## Data provided
------

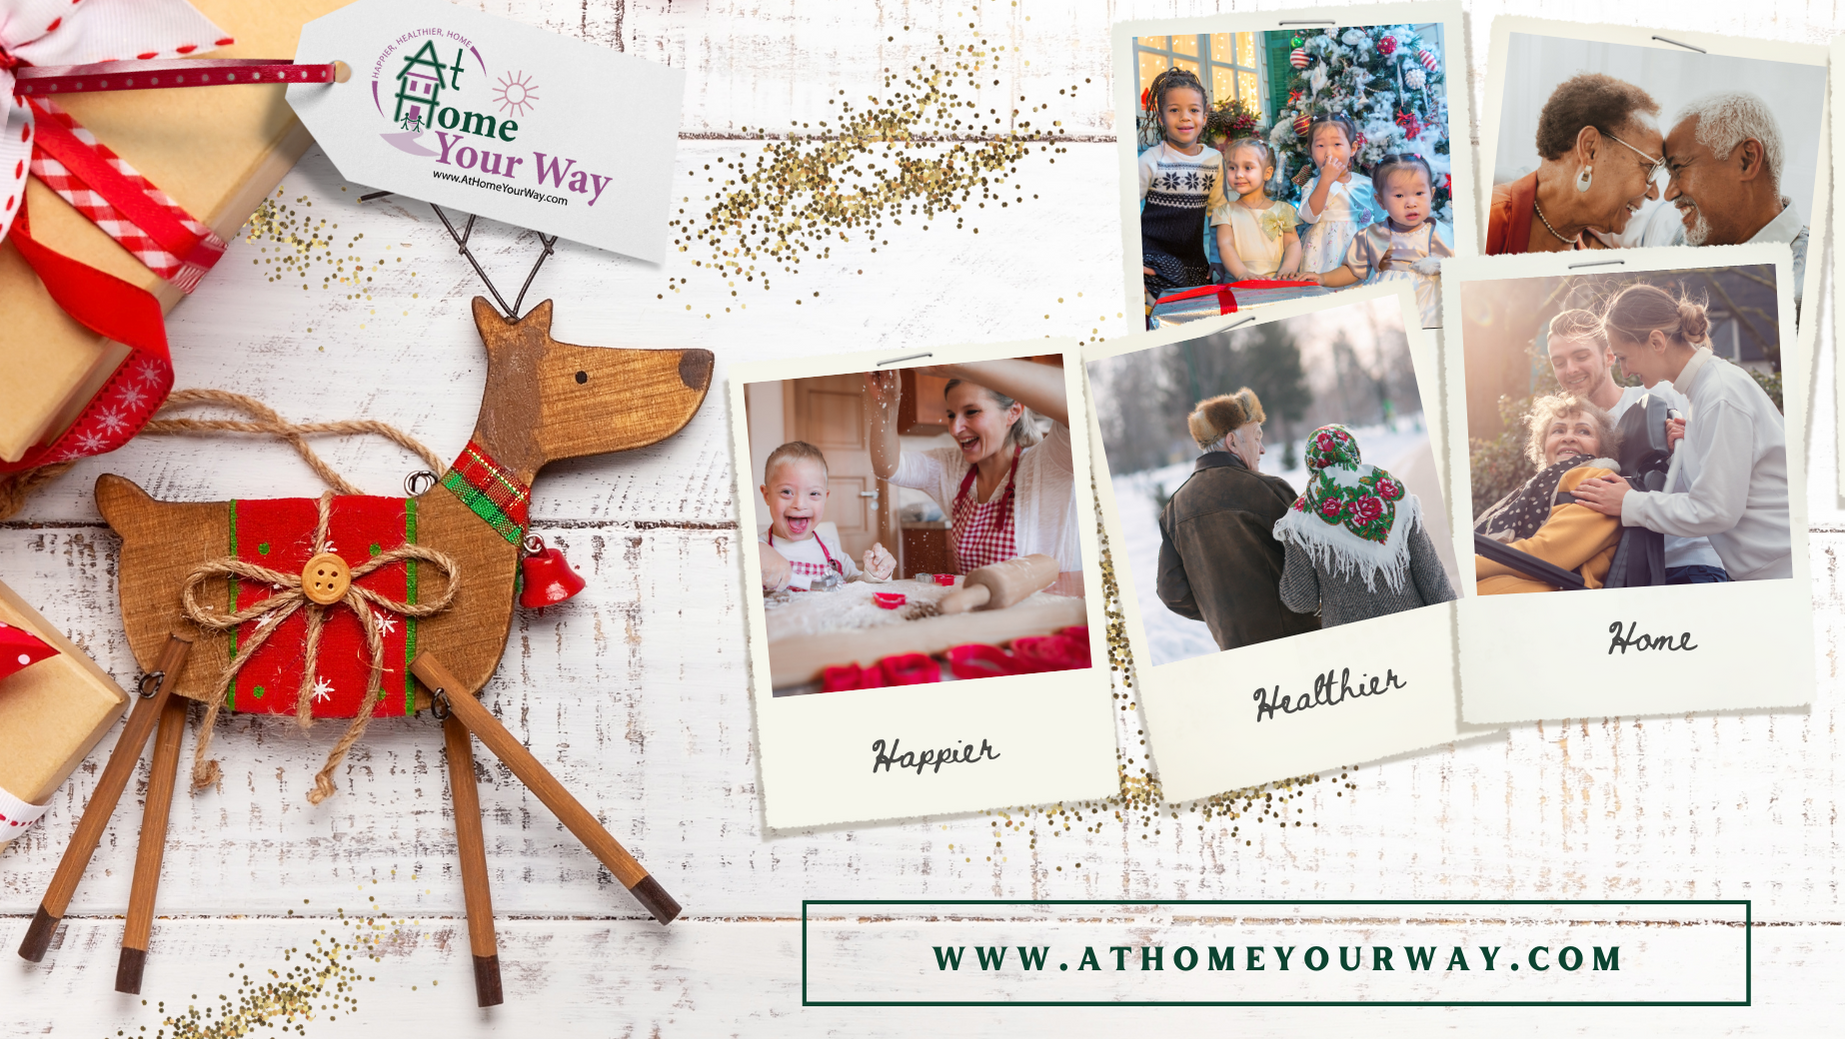 Holiday image with gift from At Home Your Way. Polaroid images of individuals with disabilities home spending time with family.
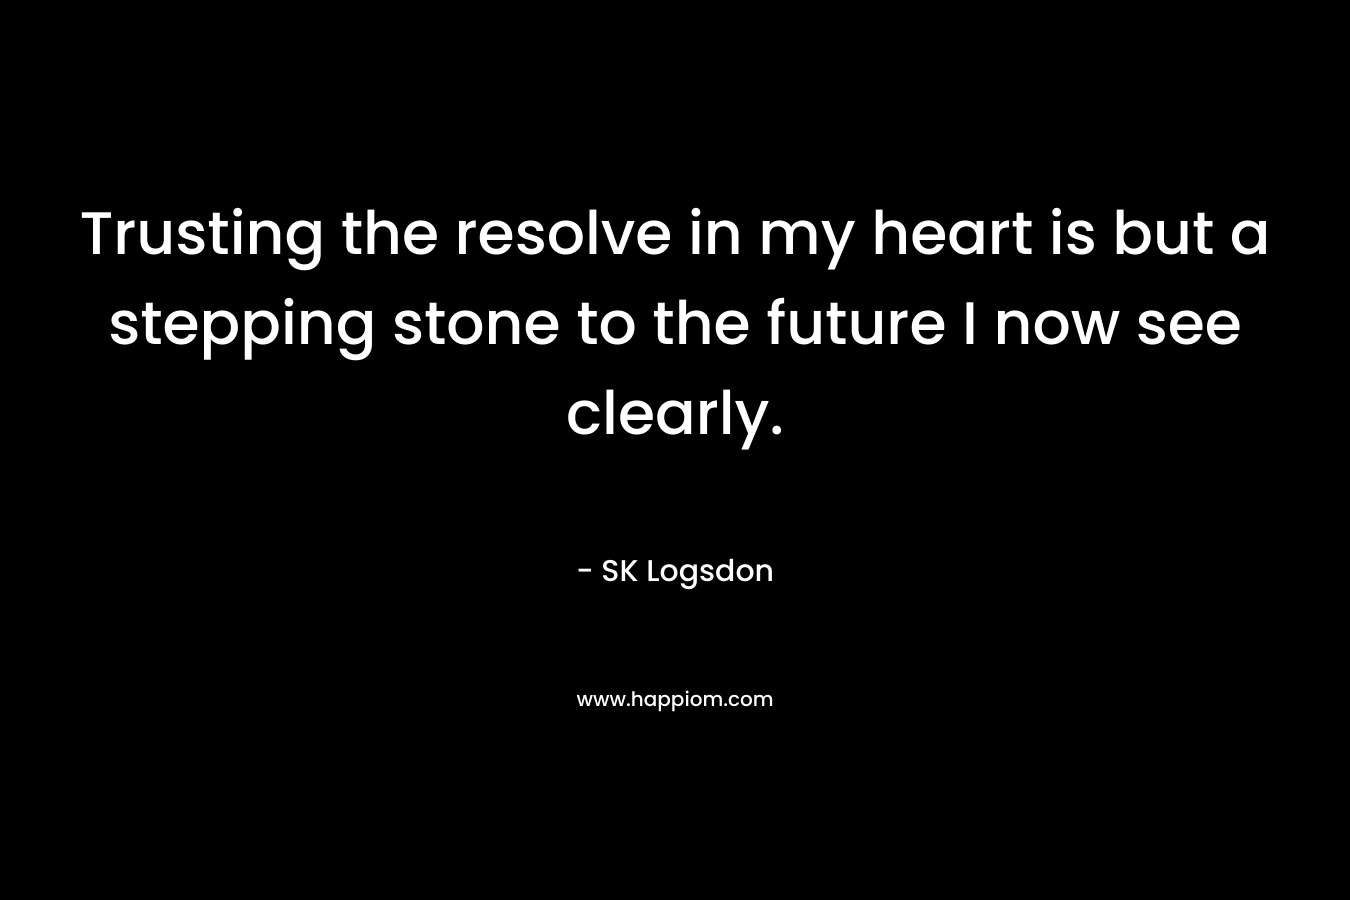 Trusting the resolve in my heart is but a stepping stone to the future I now see clearly. – SK Logsdon
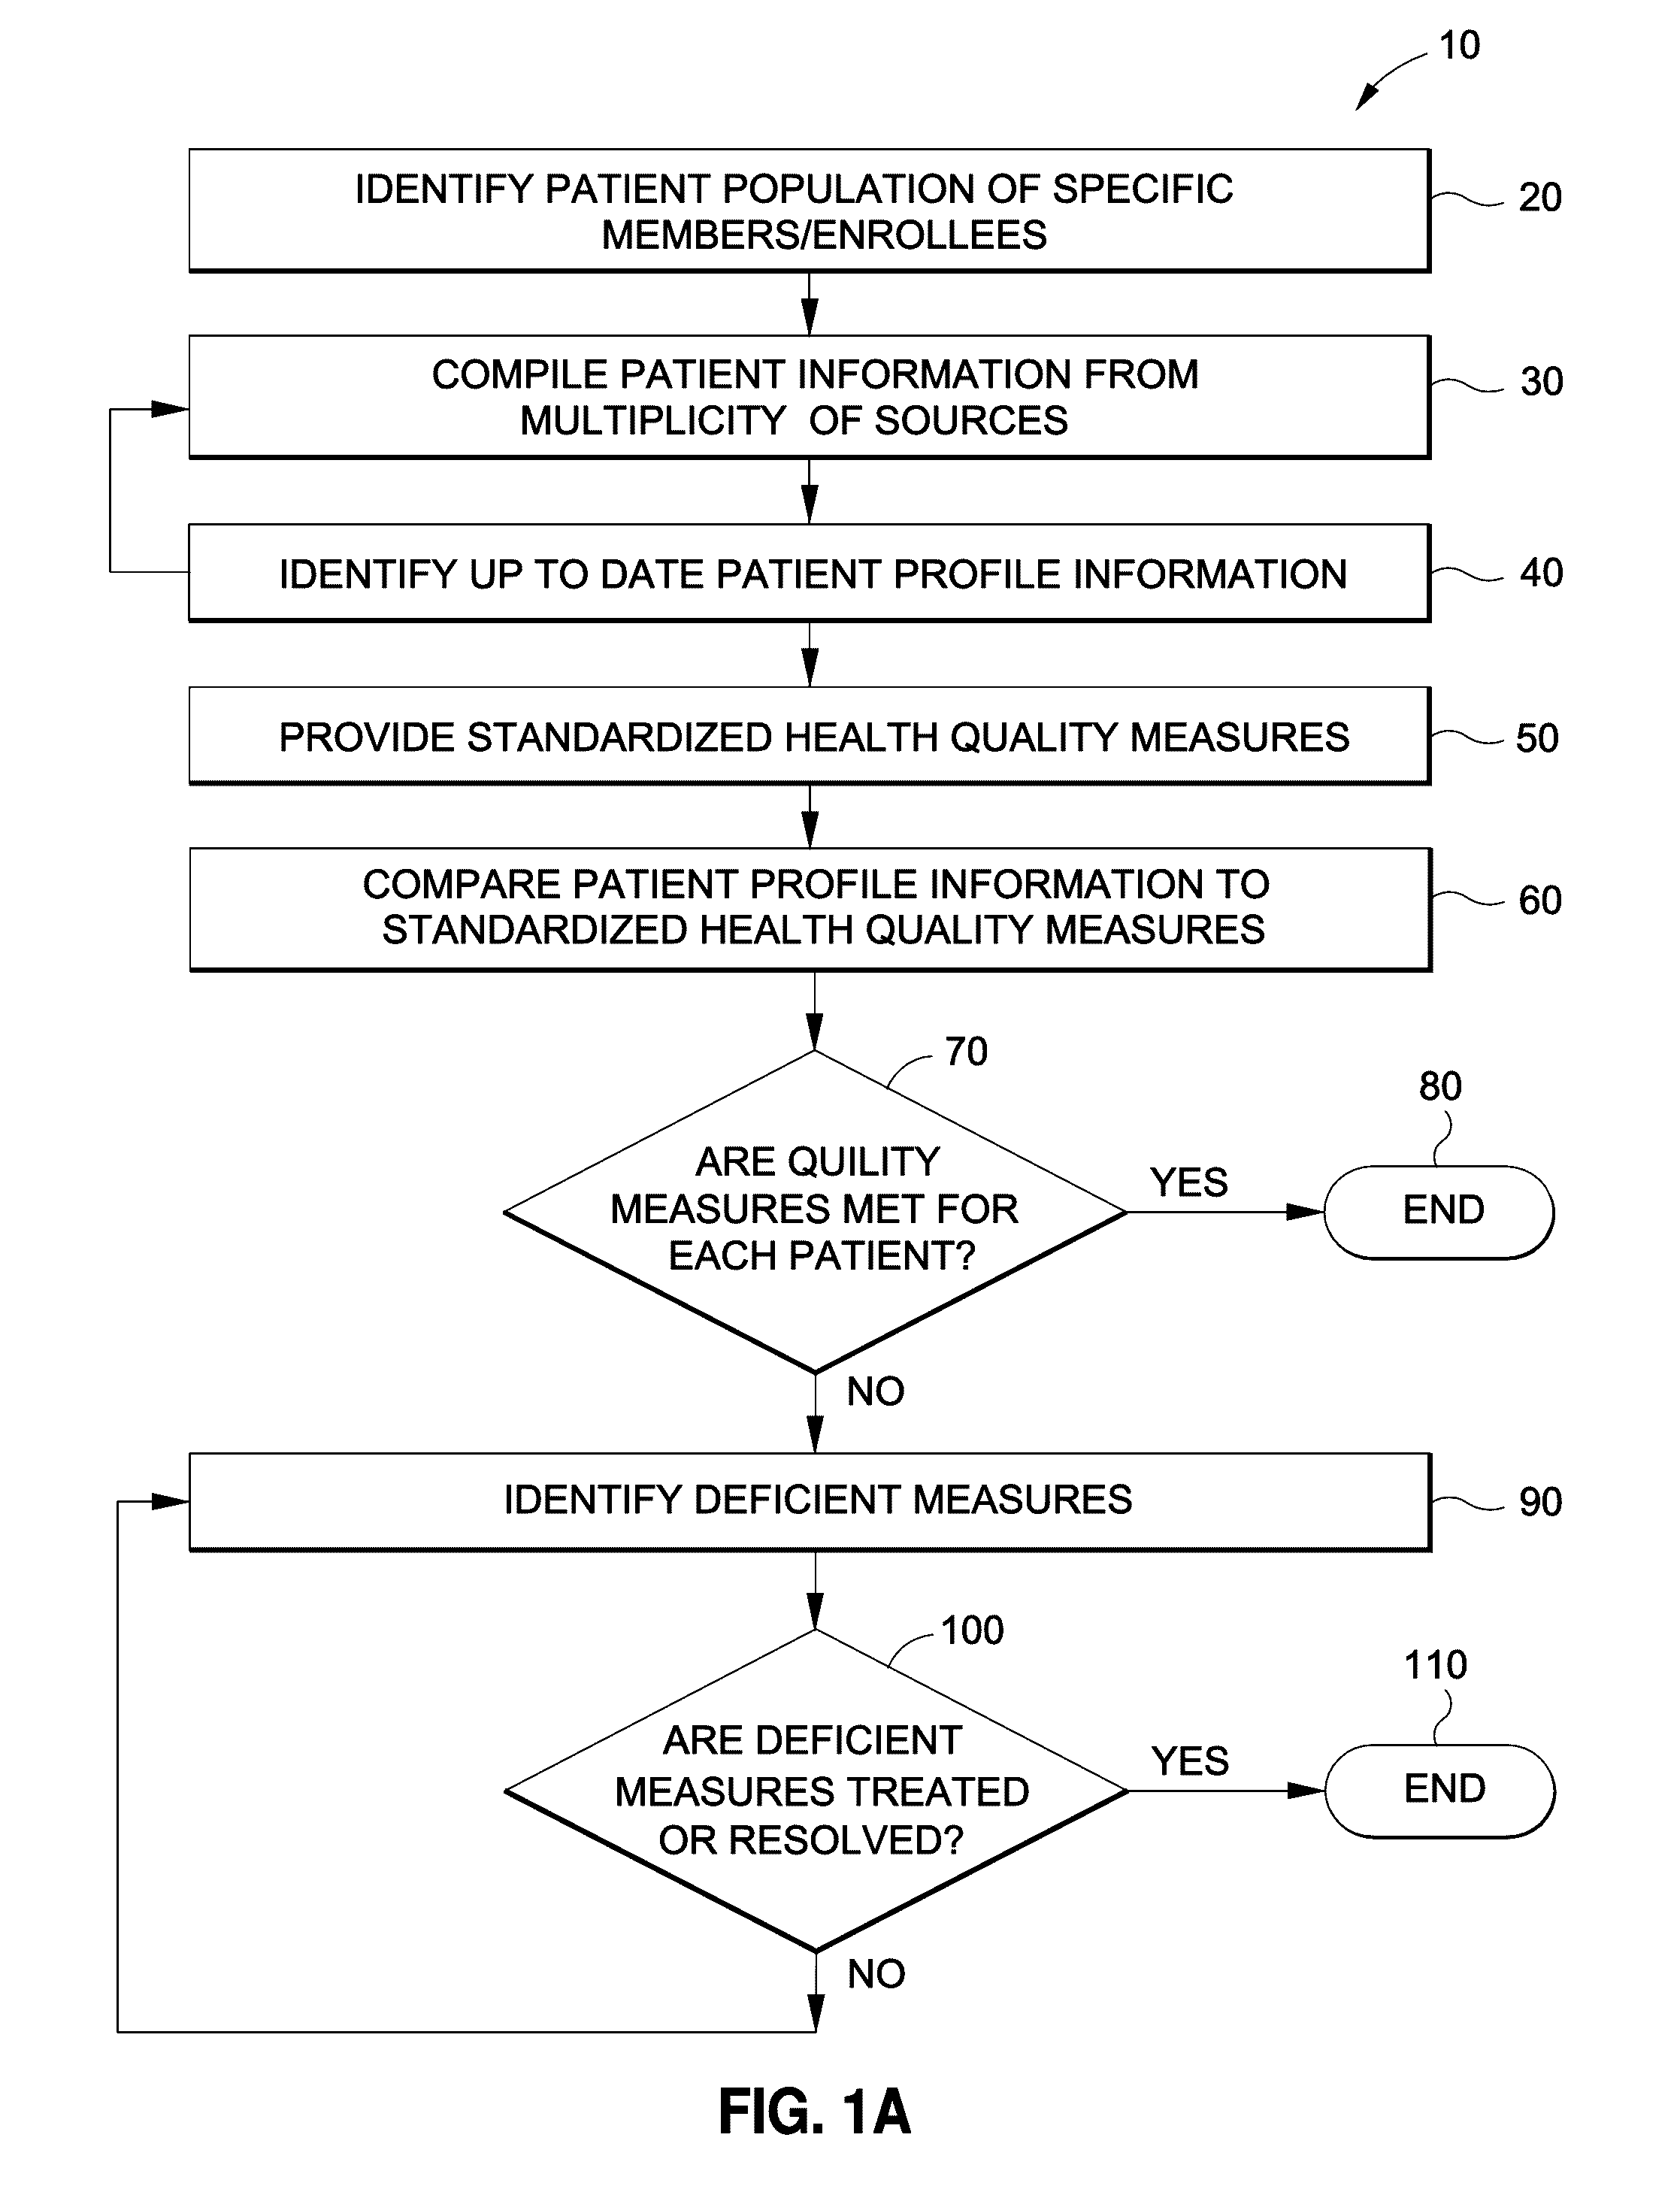 Multicomputer data transferring and processing system

------

What you output must match the data exactly, apart from the pictures, which are left out.

 Holiday image with gift from At Home Your Way. Polaroid images of individuals with disabilities home spending time with family.
 Trusting the resolve in my heart is but a stepping stone to the future I now see clearly. – SK Logsdon
 Multicomputer data transferring and processing system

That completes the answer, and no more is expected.